The findings from the current study were only partly consistent with the findings reported in the US studies. The construct validity resembled former findings, the diagnostic validity was less stable (lower sensitivity). This might however be a consequence of recruitment/referral to the current sample and of the relatively low scores on the ADI-R of the children with a clinical ASD diagnosis. Despite this uncertainty, especially for the 12-20/NV21-47 and SW21-47 cells, the ADI-R algorithms for toddlers and preschoolers were likely to be of considerable value in aiding clinicians as they had to make diagnostic decisions in very young children. At all sites in the current study, clinical diagnoses were based on several sources of information (in addition to the ADI-R and often ADOS) and were assigned by an experienced expert, most often in a team.
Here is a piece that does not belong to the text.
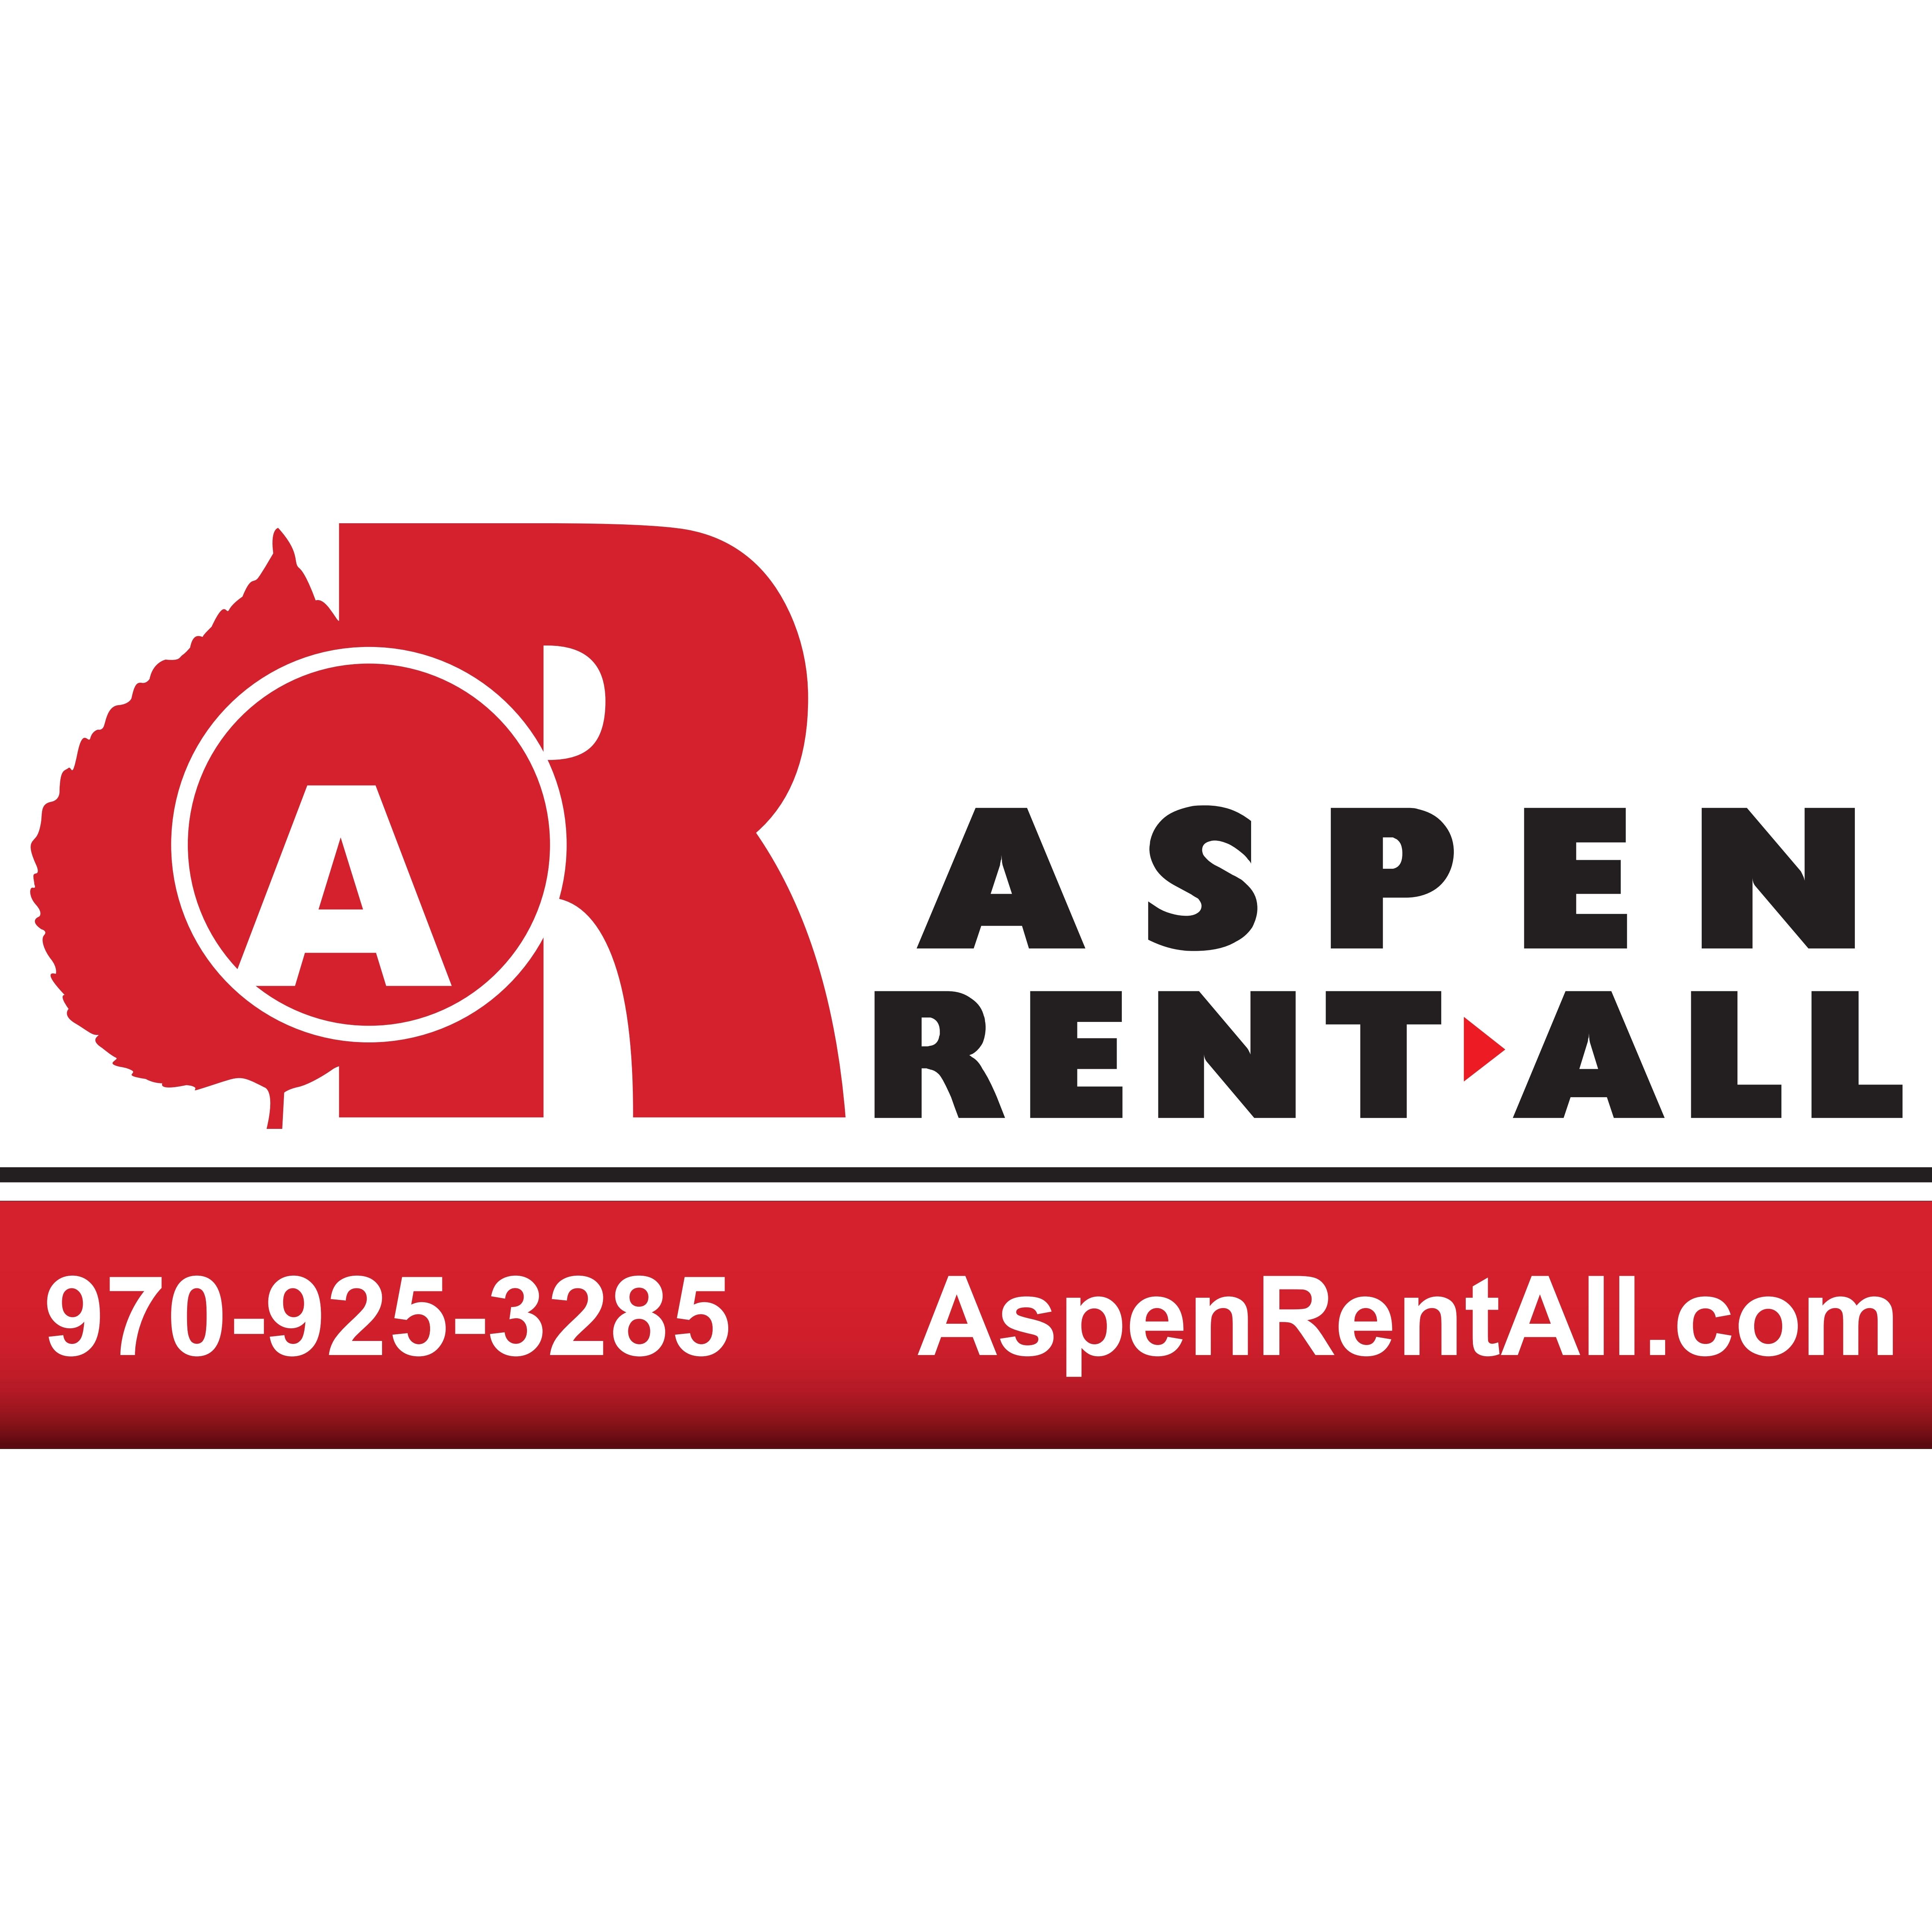 Aspen Rent All Inc - Basalt, CO - Lawn Care & Grounds Maintenance
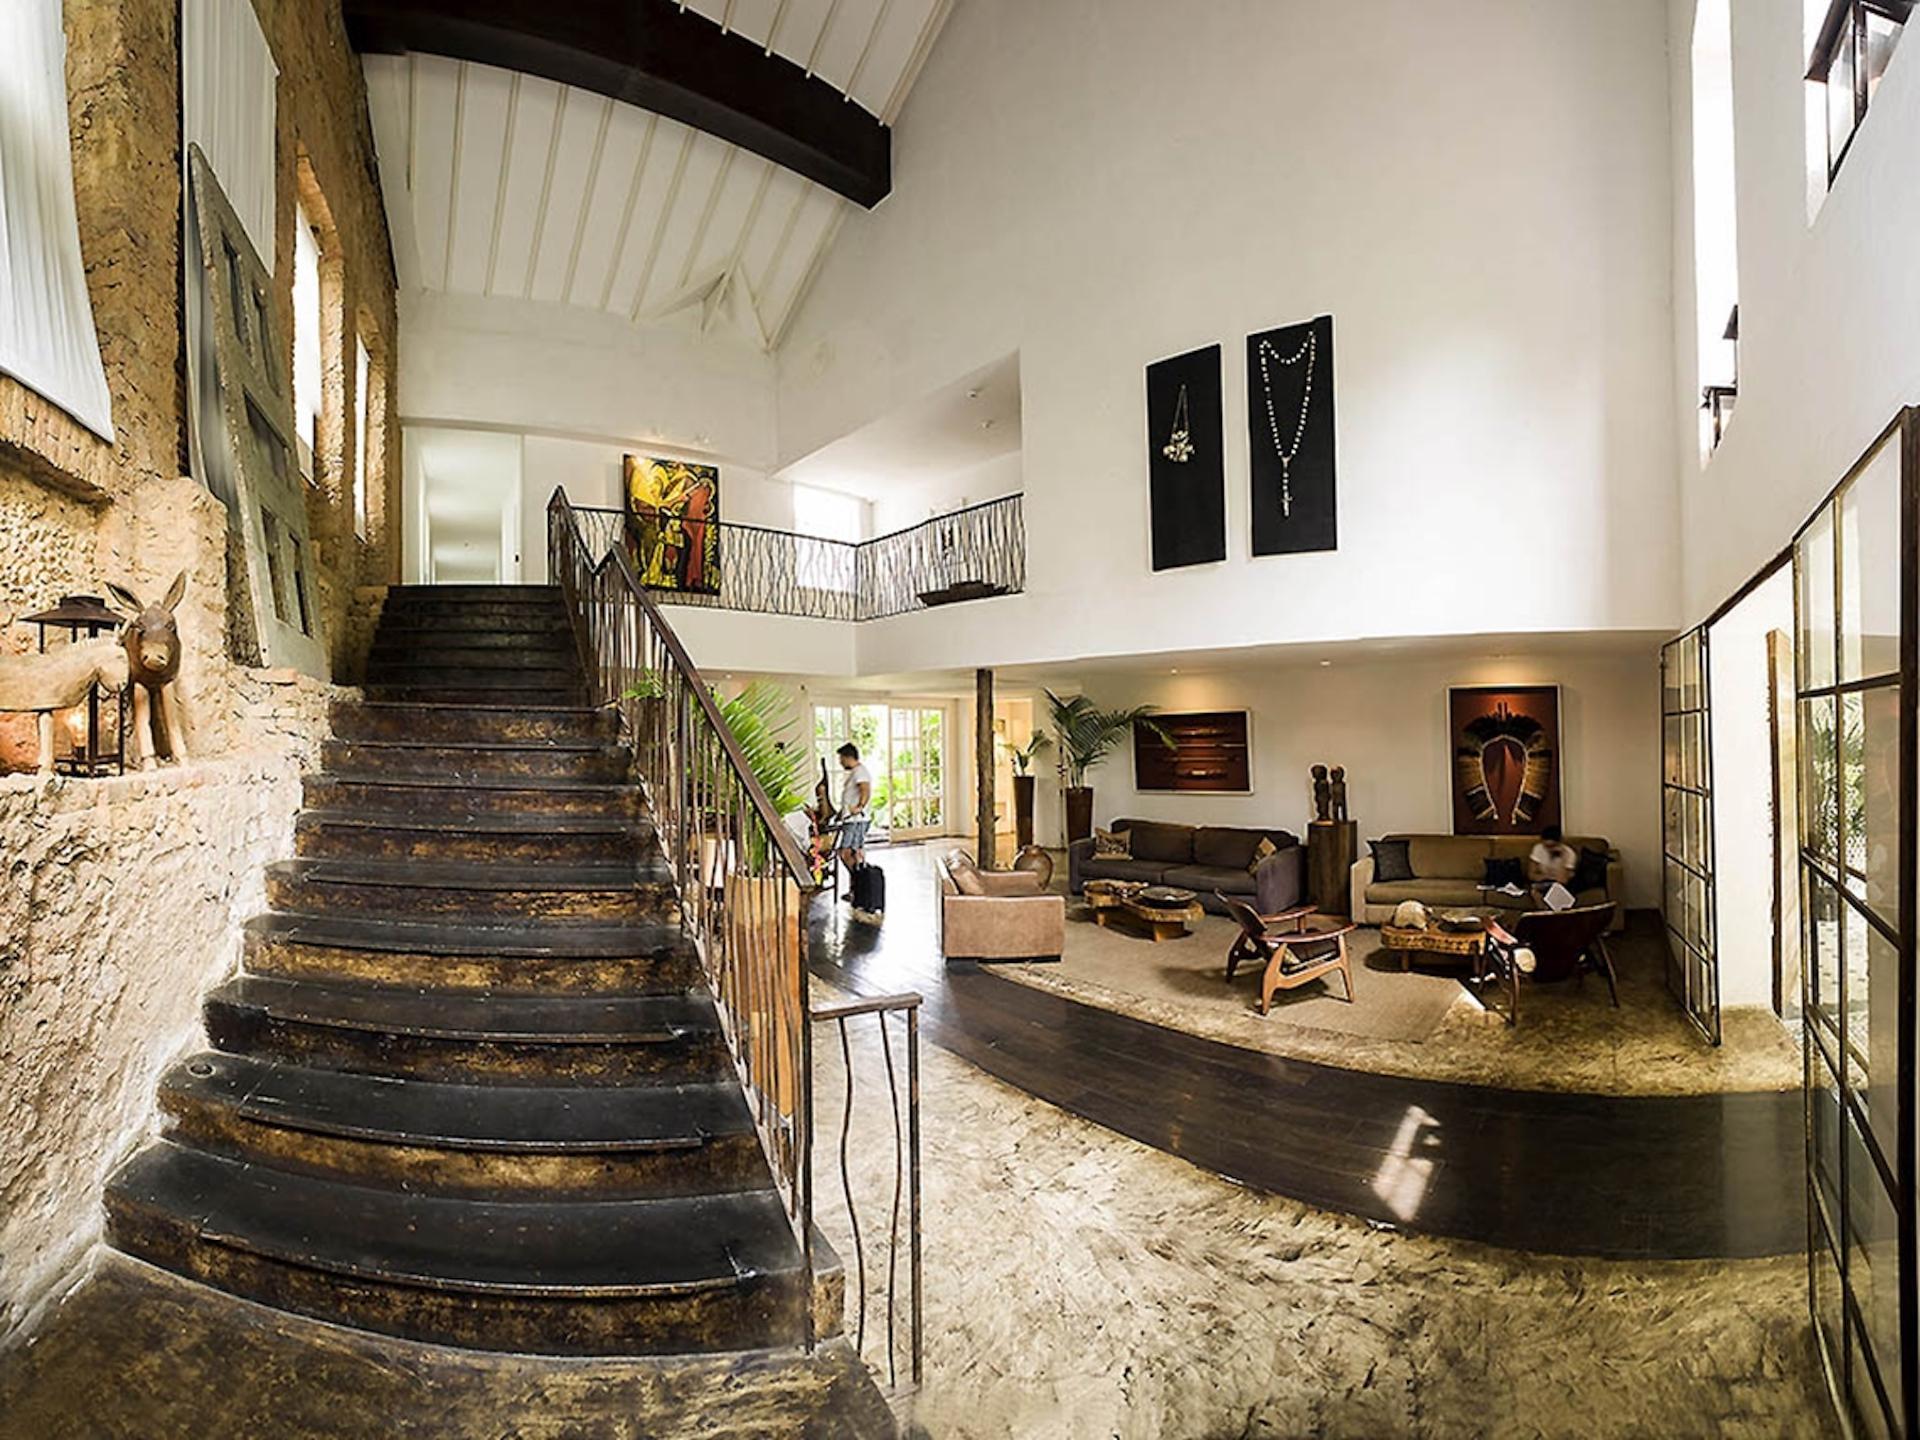 Lobby des Hotel Santa Teresa in Rio de Janeiro, Brasilien

Detailed information obtained using the ADI-R and ADOS(-2) in a standardized diagnostic procedure has been shown to make specific contributions to the clinical decision-making process (see Kim and Lord 2012; Kim et al. 2013; Charman and Gotham 2013).

Limitations

Although the total sample size of the current study was large, the sample consisted of children from many different sites and is thus not a true replication study, given the different methodologies for assessment and diagnostic procedures, and ascertainment of samples. The sites provided a wide variety of samples recruited for different purposes (clinical referral/screening, first line/second line); in diagnostic groupings (some TD only, others NS only, others mainly ASD); from several populations (prediagnosed/undiagnosed; specialized departments/generic departments); with a range in severity of symptoms, age distribution (very young only versus broader), number of participants and level of cognitive functioning. However, unfortunately the individual sample sizes were too small to allow any additional analysis for any individual sites.

Conclusion

The current study indicates that the construct validity of the algorithms for toddlers and preschoolers as proposed by Kim and Lord (2012) was applicable in a large, independent, non-US sample. The selected ADI-R items fitted into the proposed domains SA/SC, RRB and IGP/RPI in the non-US sample as well as in the US sample. This indicates that the theoretical concept of the ADI-R in toddlers and young preschoolers seemed to be the same for US and non-US samples. However, in the current sample somewhat lower diagnostic validity was found, with satisfactorily high specificities but only moderate sensitivities. Although children with a clinical ASD diagnosis in the 12-20/NV21-47 and SW21-47 cells were largely recognized as children in the mild-to-moderate or moderate-to-severe concern ranges, nearly half of the children with a clinical ASD diagnosis in the PH21-47 cell fell into the little-to-no concern range.